#### [Data below]

== Segment start ==

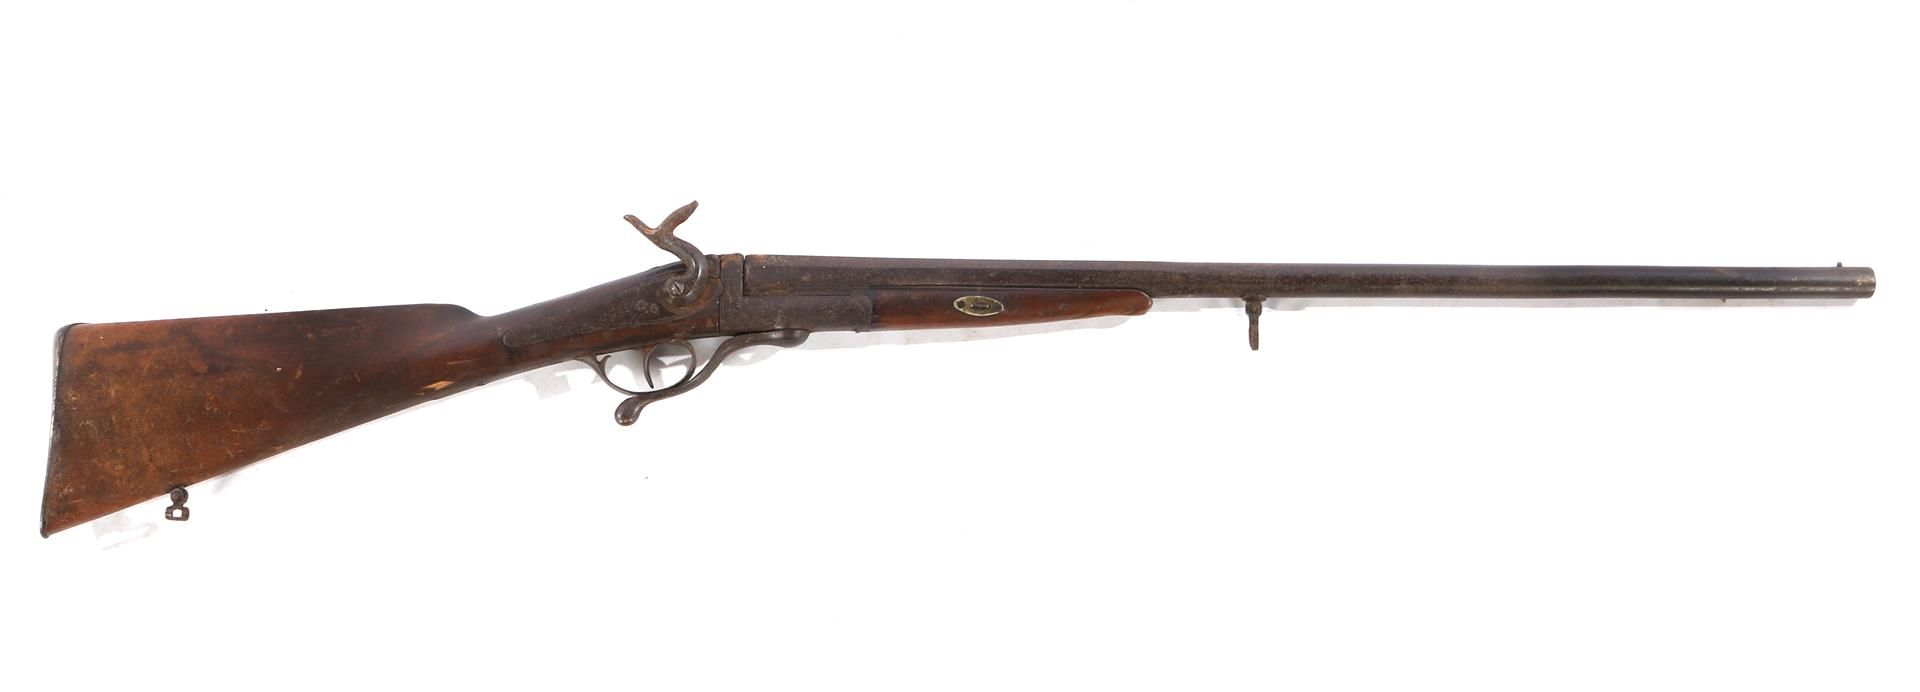 Antique single-barreled rifle with waffled wooden butt, pinfire approx. 1880, 100 cm long
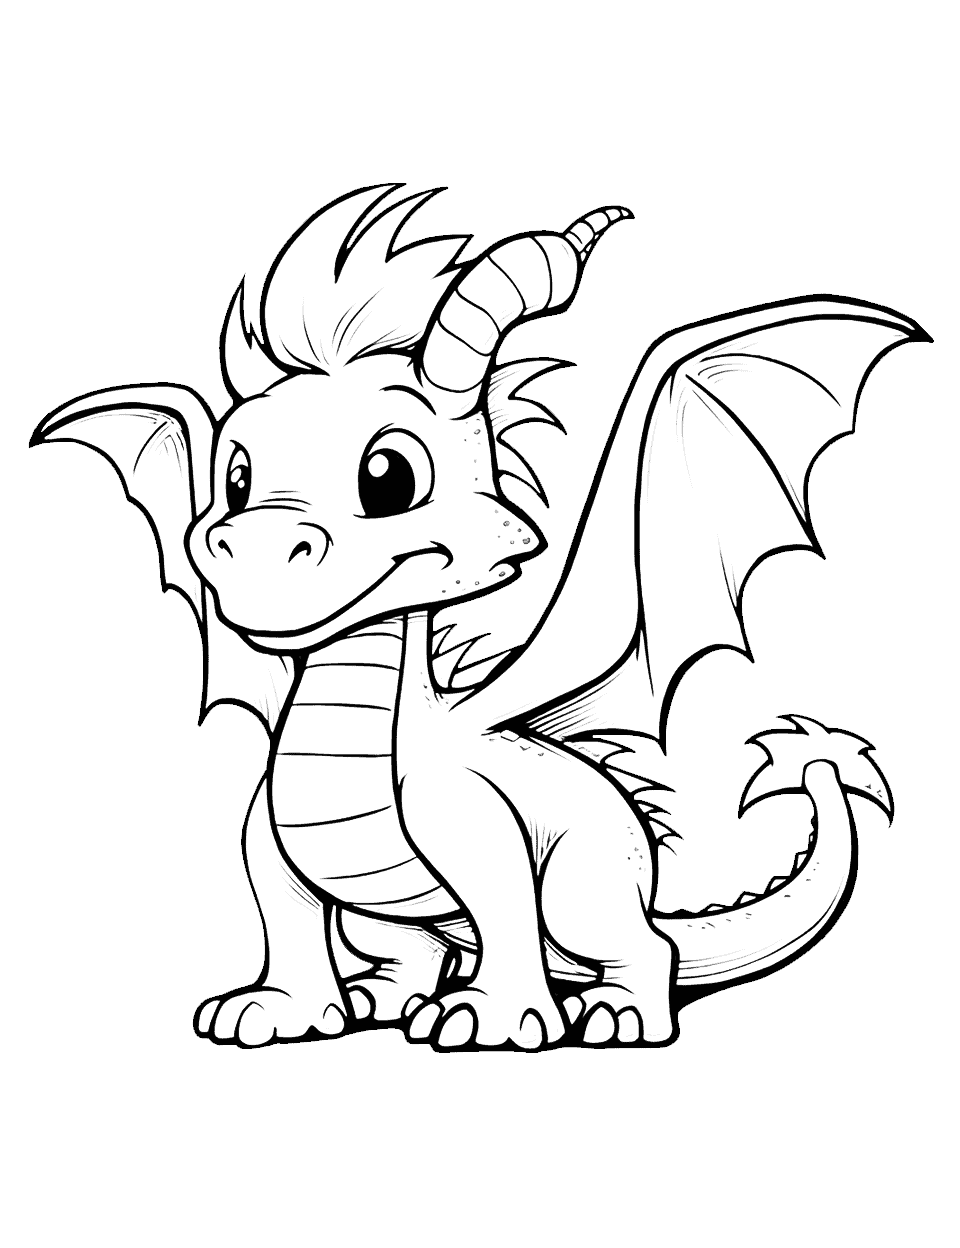 Easy Dragon Coloring Page - A simple, easy-to-draw dragon, perfect for younger kids.
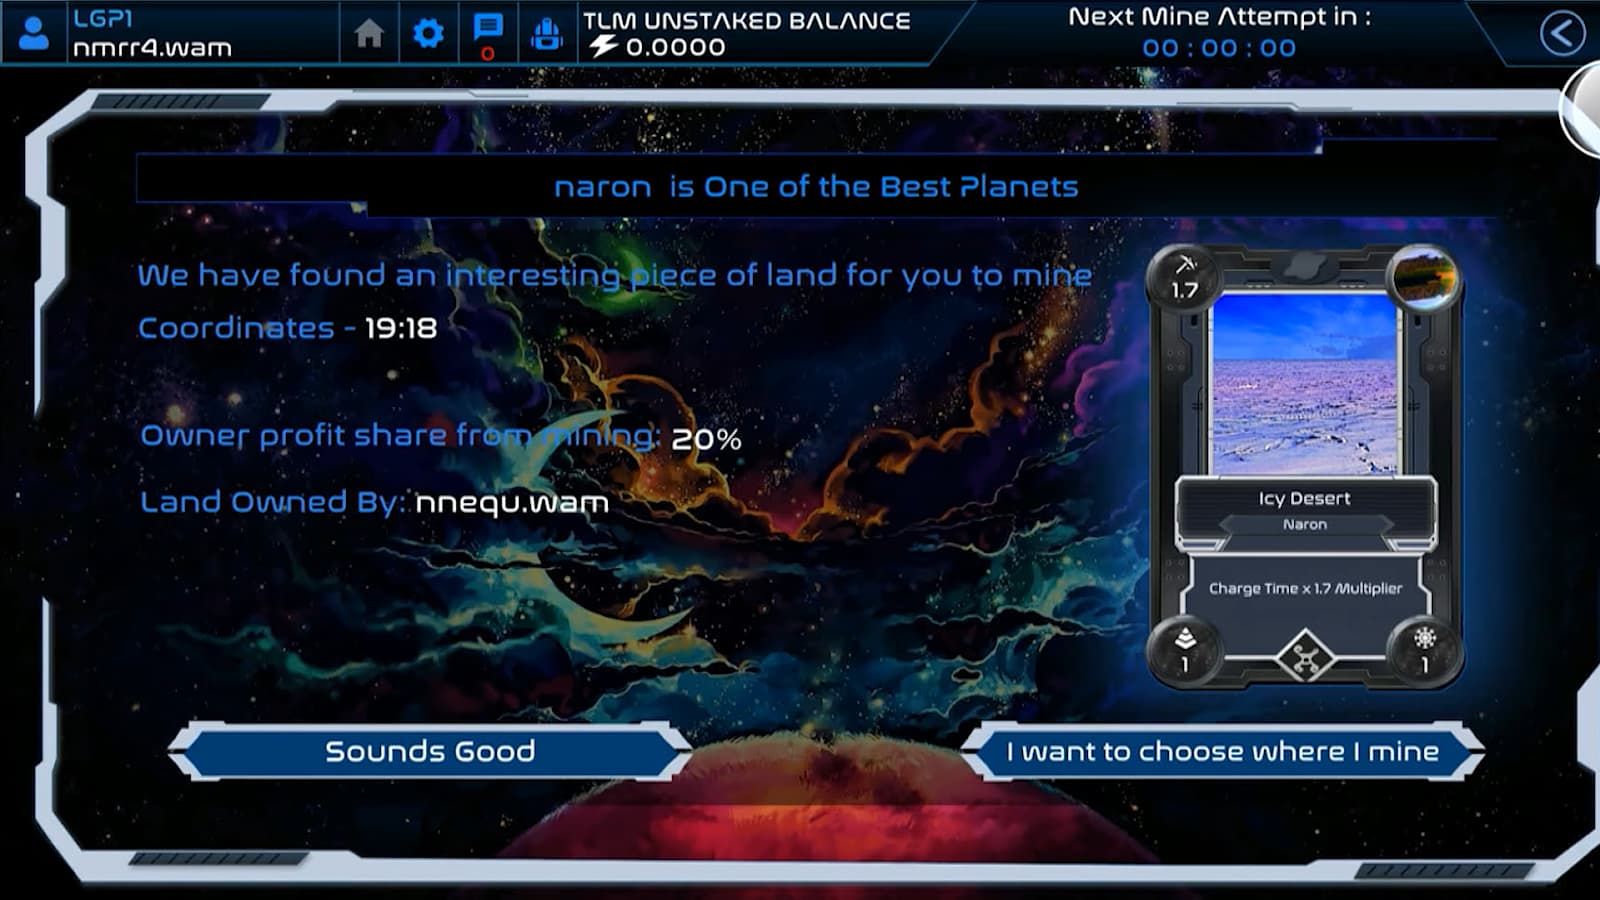 A game interface displaying a space-themed mining game with text and options
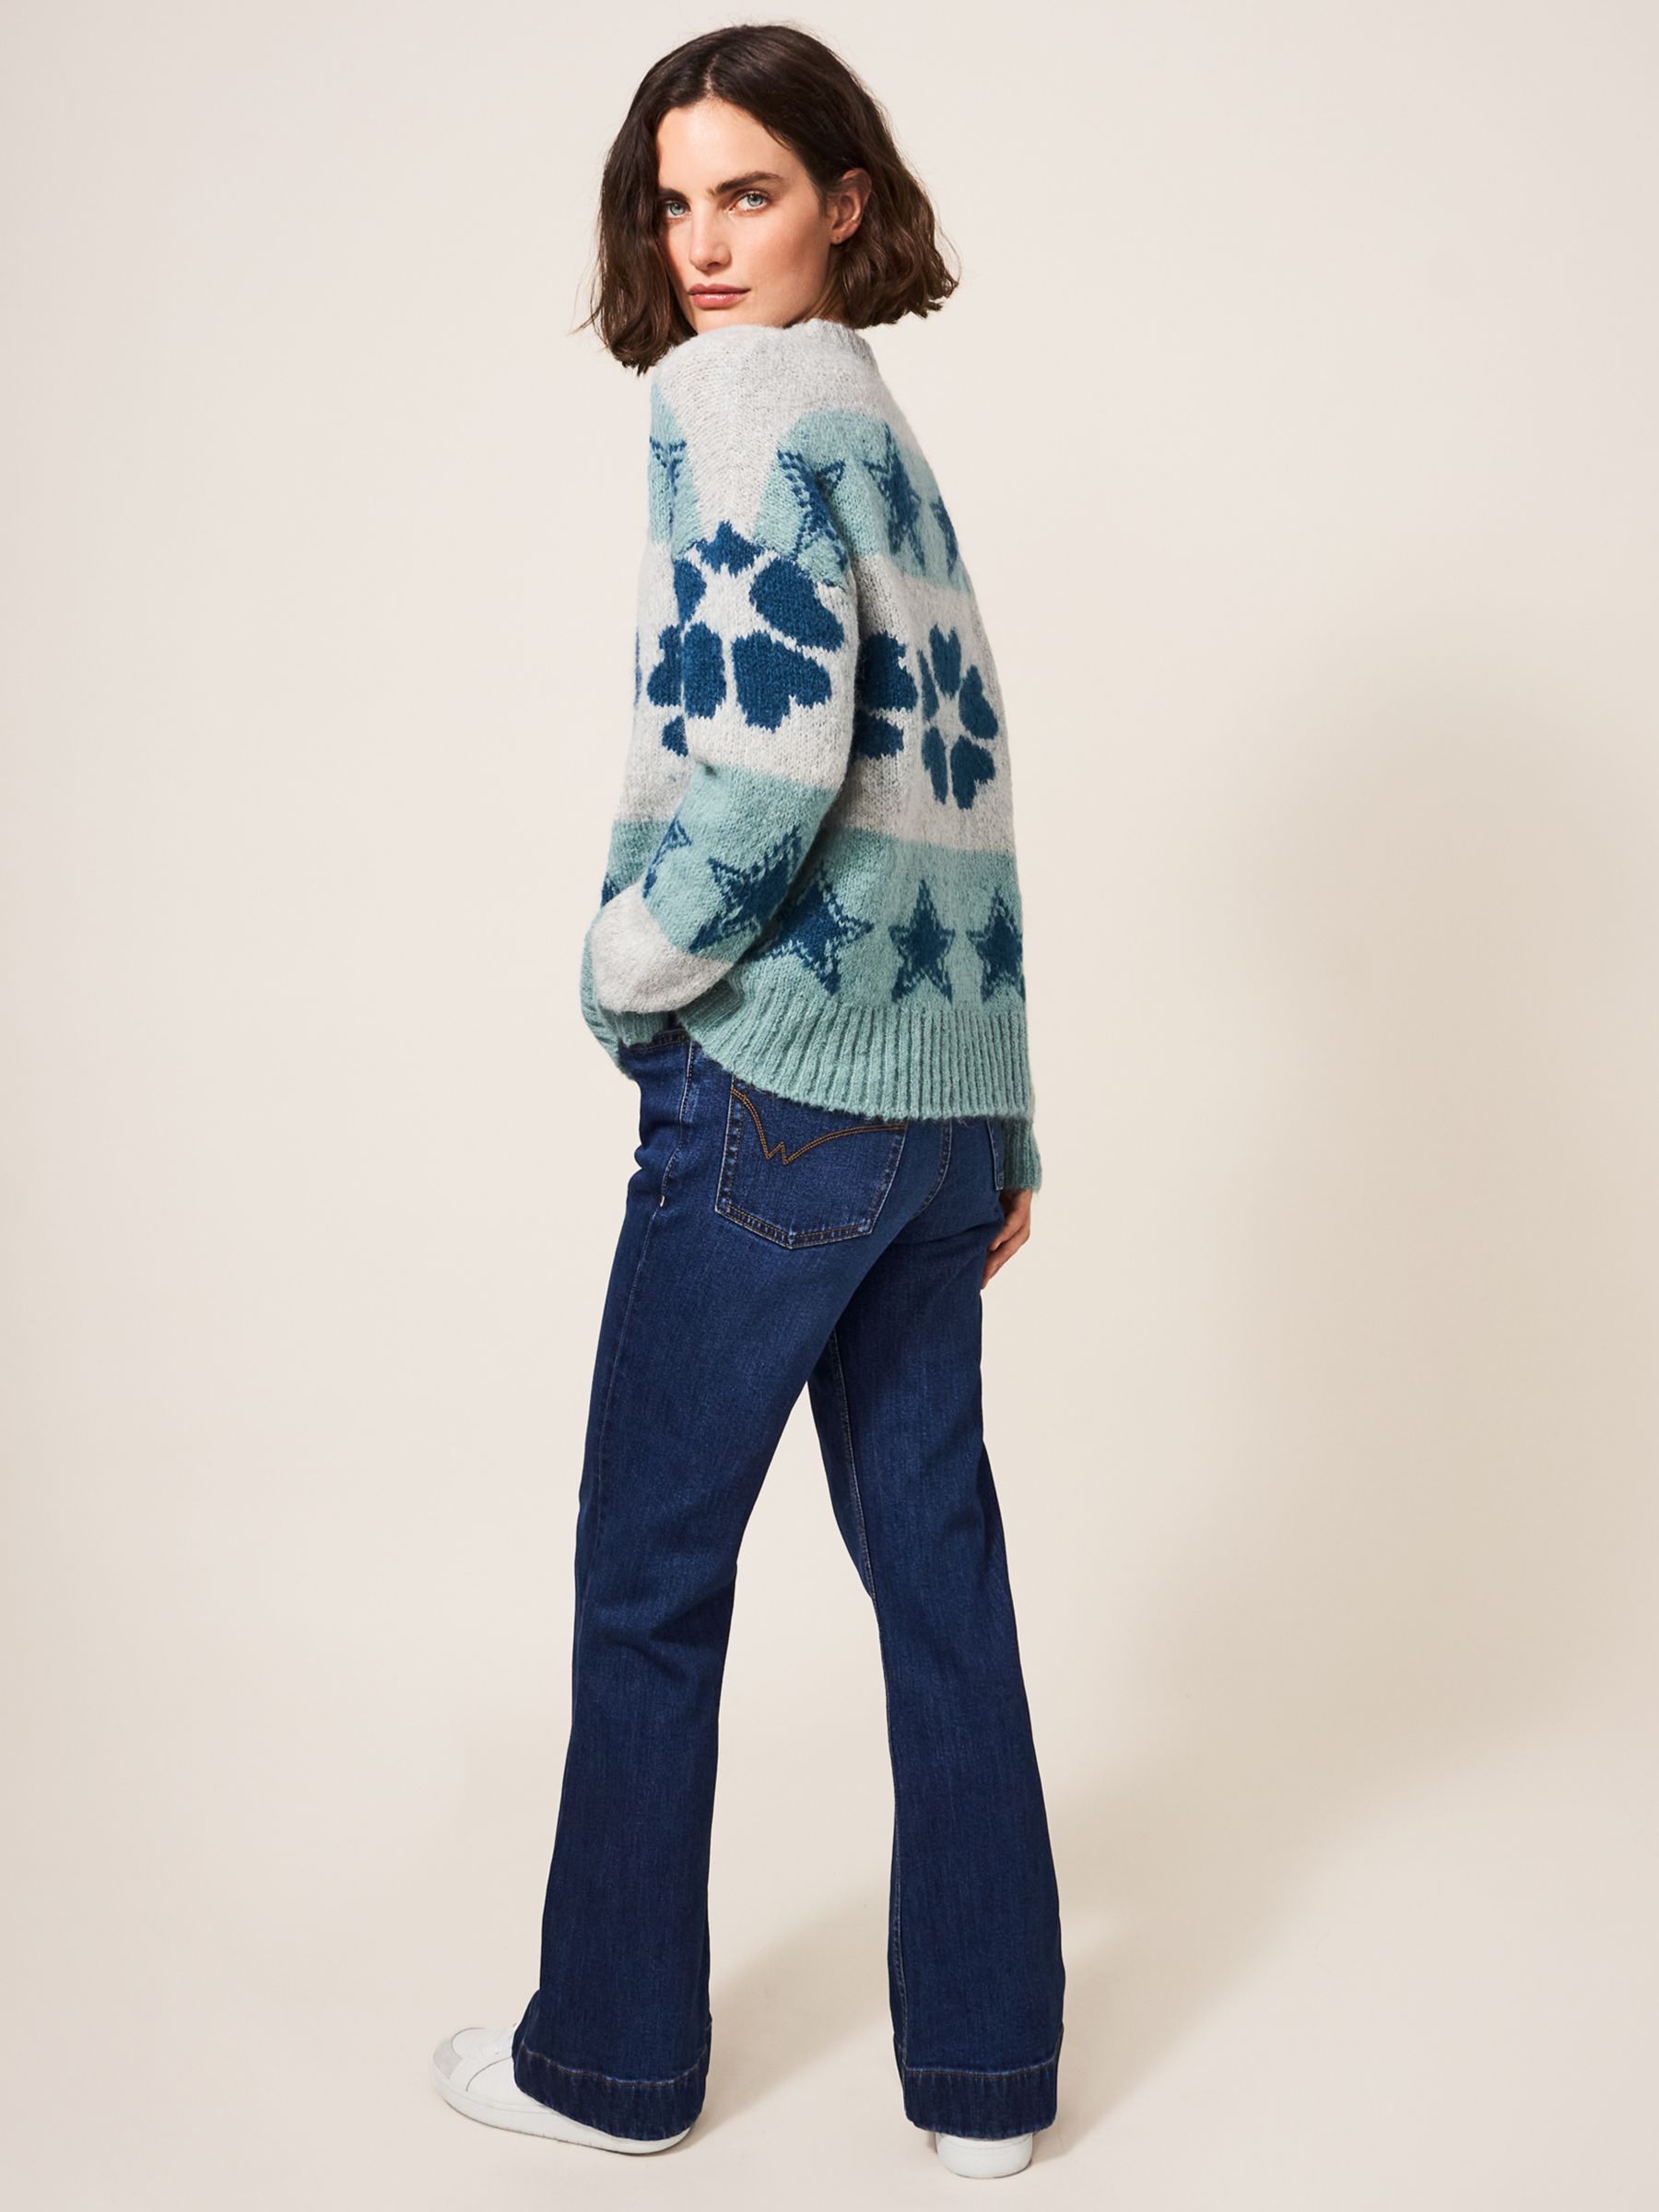 White Stuff Star and Flower Print Wool Blend Knitted Jumper, Teal/Multi ...

== Segment end ==

#### [Exercise instructions]
Restate the listing word for word, pictures omitted.

#### [Result of the exercise]
 Antique single-barreled rifle with waffled wooden butt, pinfire approx. 1880, 100 cm long
 Easy Dragon Coloring Page - A simple, easy-to-draw dragon, perfect for younger kids.
 A game interface displaying a space-themed mining game with text and options
 White Stuff Star and Flower Print Wool Blend Knitted Jumper, Teal/Multi ...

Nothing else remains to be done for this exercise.